Я прочитал на следующий день после дебатов статью, которая мне очень понравилась, --
"The Trump Show is ending. Sad!".
Это из нее я взял
этот "твит".
Мысли в статье излагаются отнюдь не новые, многие говорили и говорят то же самое, в том числе даже и я, но написано хорошо. Так что я приведу довольно большую цитату. Но рекомендую всю статью прочитать.
Сначала часть, которая кажется мне спорной: I’ve always thought President Obama should have returned the Nobel Peace Prize he was awarded in 2009. I say this not because he hadn’t earned it (obviously he hadn’t), but because Obama’s Nobel seemed to me an unmistakable statement on the way elite Europeans viewed America.
The supposition underlying the award seemed to be that our country was so self-evidently racist and violent that the mere act of a black man winning the presidency constituted an unfathomable act of courage and resistance.
Had I been advising Obama then, I’d have suggested he go out to the Rose Garden and tell the world that his campaign had affirmed exactly the opposite - that America was a more enlightened country than it used to be, that it took no Gandhi-like resolve to run as a nonwhite candidate anymore, and that the bigotry of an earlier era was fast receding to the margins of the society.
You might say I was naive, seeing as a sizable chunk of the country is about to vote for a man heartily endorsed by David Duke. But I still believe I was right.
A lot of Americans will vote for Trump in November in spite of his bigotry and xenophobia, not because of it. They can’t stomach Hillary Clinton, or they’re desperate to upend Washington, or they’re just diehard Republicans, and they hope - foolishly, I think - that Trump would somehow blossom into a president who’s bigger than the insecure and reckless man they watched again last night.
But that’s distinct from the much smaller universe of furious, nostalgic, culturally displaced voters who drag their kids to Trump rallies, who see themselves living in a racially defined society where white men are the oppressed class, who have no real problem with violence or misogyny or people holding signs with swastikas.

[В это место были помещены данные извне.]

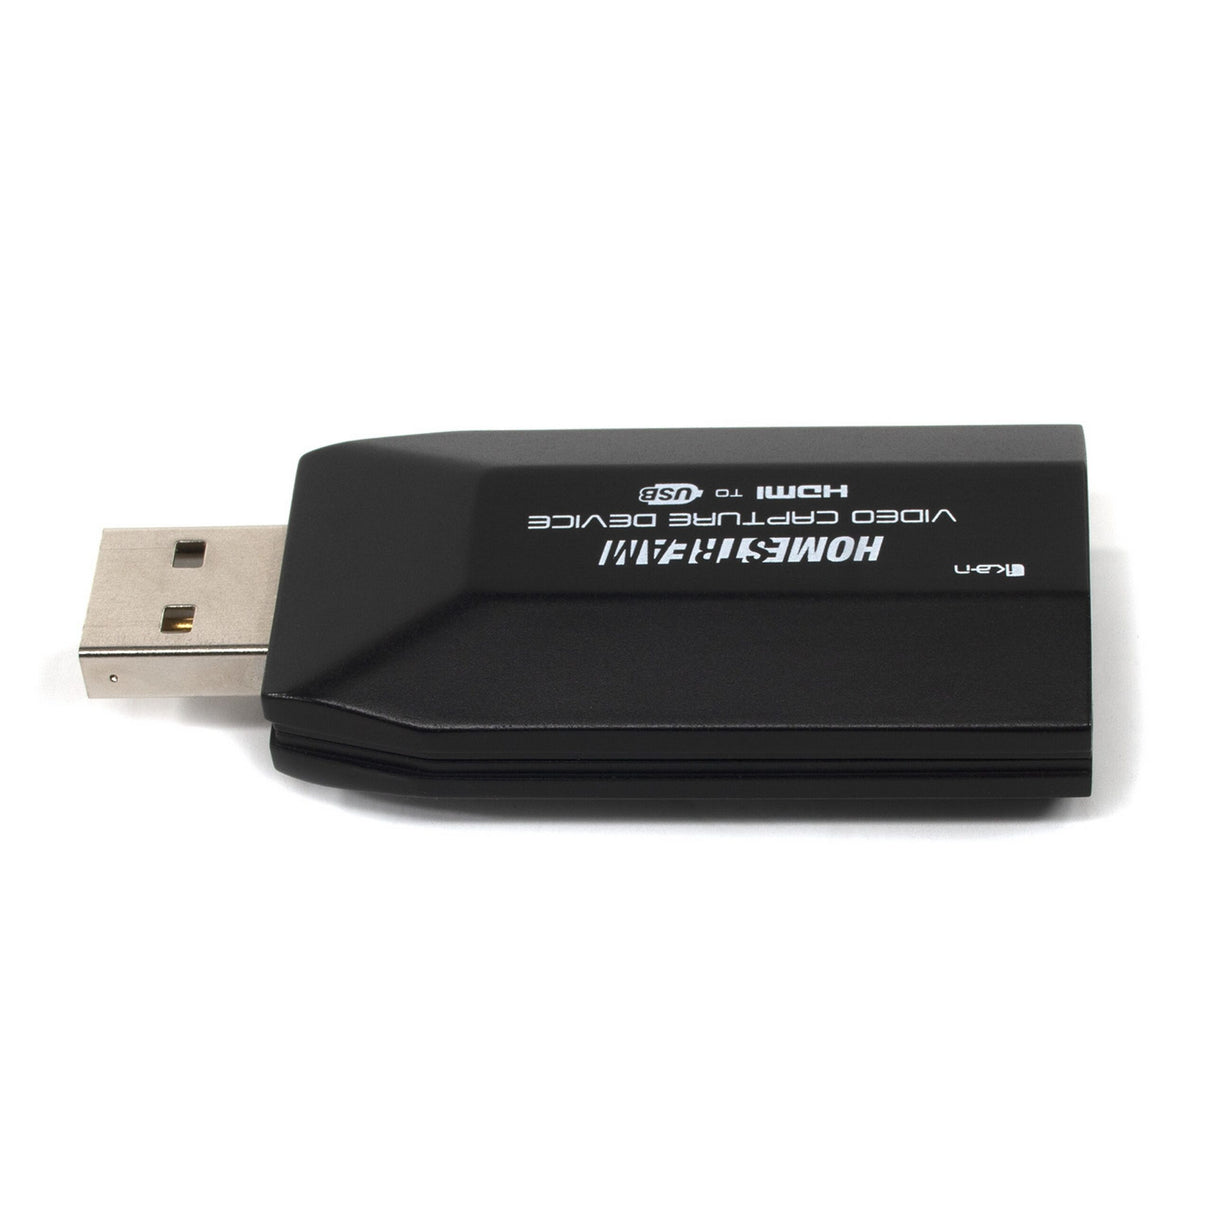 Ikan HS-VCD-2 4K HomeStream HDMI to USB Video Capture Device
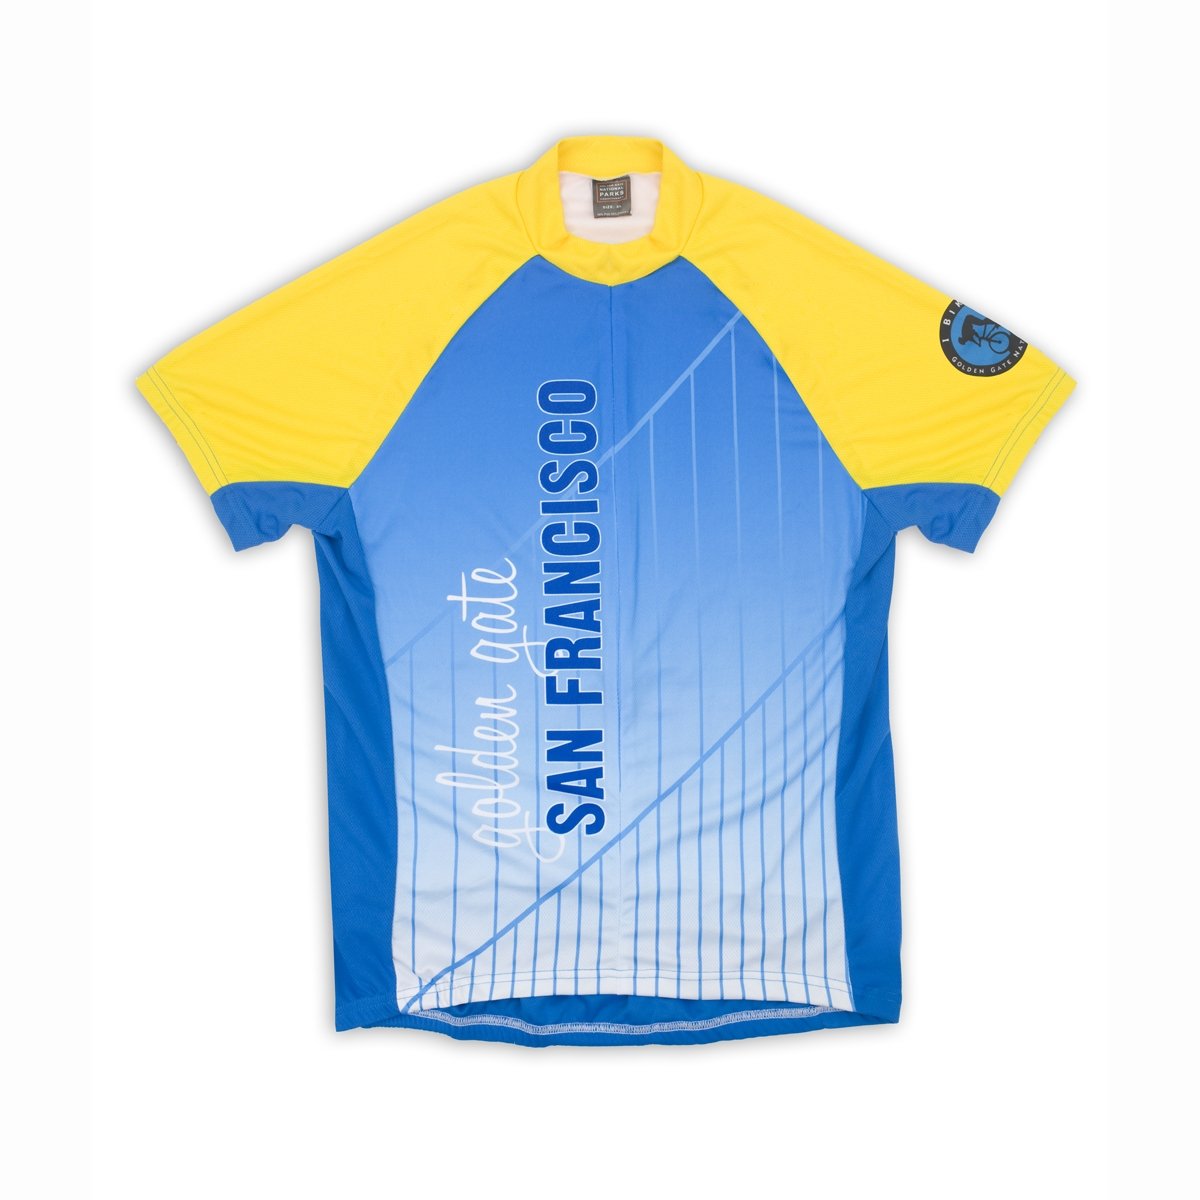 Colorful short-sleeved bike shirt with stylized designs of the Golden Gate Bridge and San Francisco on torso.

There aren’t actually more of these voters than there used to be.
Теперь часть, которая кажется мне бесспорной: Contrary to liberal hysteria, Trump hasn’t managed to ignite some new White Power movement.
What he’s done, in his frenzied, yearlong effort to find love and acceptance among people with whom he really has nothing in common, is to relegitimize attitudes that had become unacceptable in polite conversation and often career-ending in public discourse.
This is a different thing from enforcing political correctness, which is what bigots always scream you’re trying to do. I’ve written a few times before about my disdain for “safe spaces” and “trigger warnings” and the bleaching out of historical figures who make us uncomfortable. I’ll be the first one to stand up for your right to disagree about how we define liberty and progress.
No, what we’re talking about here is a worldview that says: America is a white, male-dominated, Christian country, and the blurring of cultures and ethnicities (not to mention genders) represents not our evolution, but rather our undoing. It is an inherently anti-American creed, and until this year it had been gradually discredited in national politics.
The effect of Trump’s televised rallies and rhetoric, void of compassion or intellect, can be seen now in places you wouldn’t have normally encountered it before. Take, for instance, the recent experience of Michael Luo, my former colleague at the New York Times, who wrote about a woman on Manhattan’s Upper East Side who shouted at him to take his family back to China where they belonged.
In Trump’s America, as in the Reality TV world from which he spawned, nothing is too outrageous or too mean to blurt out. No one needs to accept modernity or feel shame for spewing ignorance. This is his legacy.
И про республиканскую партию тоже очень верно, по-моему. It’s also about to become the legacy of the Republican Party, which is why Republican leaders will have a special responsibility to deal with it once this runaway train has to come to rest against the side of a mountain.
For years now, ruling Republicans have tried to have it both ways - to somehow mollify and exploit the darkest impulses of the electorate while publicly espousing the high-minded principles of conservatism. [...]
This will be, after all, the fourth straight election in which Republicans have been crushed among first-time voters. And at the end of the day, Trump will probably pull fewer than a third of so-called millennial voters, who are already surpassing baby boomers as the largest share of the electorate.
You can bet Republicans will spend the next few months talking about what a terrible messenger Trump was. After that, they’ll pivot to reminding people of how little they like Clinton, and they’ll start searching for a candidate who can offer a better contrast in 2020.
But there is no distancing the party from Trump without disowning what he represents. Further down the well-worn path of accommodation and avoidance, there is only losing and irrelevance.
The Trump Show is just about over. Governing Republicans can’t afford a sequel, and neither can the rest of us.